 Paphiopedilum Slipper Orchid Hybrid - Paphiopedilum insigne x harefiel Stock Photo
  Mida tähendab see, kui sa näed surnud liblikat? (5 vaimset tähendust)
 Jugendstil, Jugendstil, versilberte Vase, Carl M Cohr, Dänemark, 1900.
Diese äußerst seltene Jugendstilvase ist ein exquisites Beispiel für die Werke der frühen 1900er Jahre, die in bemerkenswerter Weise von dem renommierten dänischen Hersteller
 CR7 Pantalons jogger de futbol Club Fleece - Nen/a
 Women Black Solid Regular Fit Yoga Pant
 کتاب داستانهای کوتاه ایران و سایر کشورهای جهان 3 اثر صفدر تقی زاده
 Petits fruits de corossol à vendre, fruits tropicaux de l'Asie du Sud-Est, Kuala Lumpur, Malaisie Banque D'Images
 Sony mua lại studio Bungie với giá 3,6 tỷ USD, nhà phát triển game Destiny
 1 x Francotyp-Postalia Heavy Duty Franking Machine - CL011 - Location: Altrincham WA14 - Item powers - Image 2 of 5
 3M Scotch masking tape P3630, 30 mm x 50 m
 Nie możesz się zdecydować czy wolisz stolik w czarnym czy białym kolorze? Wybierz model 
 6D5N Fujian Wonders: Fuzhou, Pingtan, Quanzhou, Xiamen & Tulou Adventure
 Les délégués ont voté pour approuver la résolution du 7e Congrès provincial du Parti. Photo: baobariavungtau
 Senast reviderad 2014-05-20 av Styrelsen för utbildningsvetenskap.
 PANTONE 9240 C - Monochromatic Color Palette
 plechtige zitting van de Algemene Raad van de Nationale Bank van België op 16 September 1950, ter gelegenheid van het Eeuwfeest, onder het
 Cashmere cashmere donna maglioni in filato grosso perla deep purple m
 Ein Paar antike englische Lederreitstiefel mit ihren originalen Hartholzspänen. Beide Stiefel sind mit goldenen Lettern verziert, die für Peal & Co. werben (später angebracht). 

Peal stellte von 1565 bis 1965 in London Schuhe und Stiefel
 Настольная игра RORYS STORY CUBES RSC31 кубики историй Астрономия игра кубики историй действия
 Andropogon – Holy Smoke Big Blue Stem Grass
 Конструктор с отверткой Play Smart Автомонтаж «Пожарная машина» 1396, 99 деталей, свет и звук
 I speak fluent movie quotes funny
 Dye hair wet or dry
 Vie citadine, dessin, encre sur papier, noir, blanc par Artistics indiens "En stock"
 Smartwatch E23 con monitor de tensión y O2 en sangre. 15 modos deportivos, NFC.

Exercise
Please transcribe the entire listing exactly as given.

Written answer
 Paphiopedilum Slipper Orchid Hybrid - Paphiopedilum insigne x harefiel Stock Photo
  Mida tähendab see, kui sa näed surnud liblikat? (5 vaimset tähendust)
 Jugendstil, Jugendstil, versilberte Vase, Carl M Cohr, Dänemark, 1900.
Diese äußerst seltene Jugendstilvase ist ein exquisites Beispiel für die Werke der frühen 1900er Jahre, die in bemerkenswerter Weise von dem renommierten dänischen Hersteller
 CR7 Pantalons jogger de futbol Club Fleece - Nen/a
 Women Black Solid Regular Fit Yoga Pant
 کتاب داستانهای کوتاه ایران و سایر کشورهای جهان 3 اثر صفدر تقی زاده
 Petits fruits de corossol à vendre, fruits tropicaux de l'Asie du Sud-Est, Kuala Lumpur, Malaisie Banque D'Images
 Sony mua lại studio Bungie với giá 3,6 tỷ USD, nhà phát triển game Destiny
 1 x Francotyp-Postalia Heavy Duty Franking Machine - CL011 - Location: Altrincham WA14 - Item powers - Image 2 of 5
 3M Scotch masking tape P3630, 30 mm x 50 m
 Nie możesz się zdecydować czy wolisz stolik w czarnym czy białym kolorze? Wybierz model 
 6D5N Fujian Wonders: Fuzhou, Pingtan, Quanzhou, Xiamen & Tulou Adventure
 Les délégués ont voté pour approuver la résolution du 7e Congrès provincial du Parti. Photo: baobariavungtau
 Senast reviderad 2014-05-20 av Styrelsen för utbildningsvetenskap.
 PANTONE 9240 C - Monochromatic Color Palette
 plechtige zitting van de Algemene Raad van de Nationale Bank van België op 16 September 1950, ter gelegenheid van het Eeuwfeest, onder het
 Cashmere cashmere donna maglioni in filato grosso perla deep purple m
 Ein Paar antike englische Lederreitstiefel mit ihren originalen Hartholzspänen. Beide Stiefel sind mit goldenen Lettern verziert, die für Peal & Co. werben (später angebracht). 

Peal stellte von 1565 bis 1965 in London Schuhe und Stiefel
 Настольная игра RORYS STORY CUBES RSC31 кубики историй Астрономия игра кубики историй действия
 Andropogon – Holy Smoke Big Blue Stem Grass
 Конструктор с отверткой Play Smart Автомонтаж «Пожарная машина» 1396, 99 деталей, свет и звук
 I speak fluent movie quotes funny
 Dye hair wet or dry
 Vie citadine, dessin, encre sur papier, noir, blanc par Artistics indiens "En stock"
 Smartwatch E23 con monitor de tensión y O2 en sangre. 15 modos deportivos, NFC.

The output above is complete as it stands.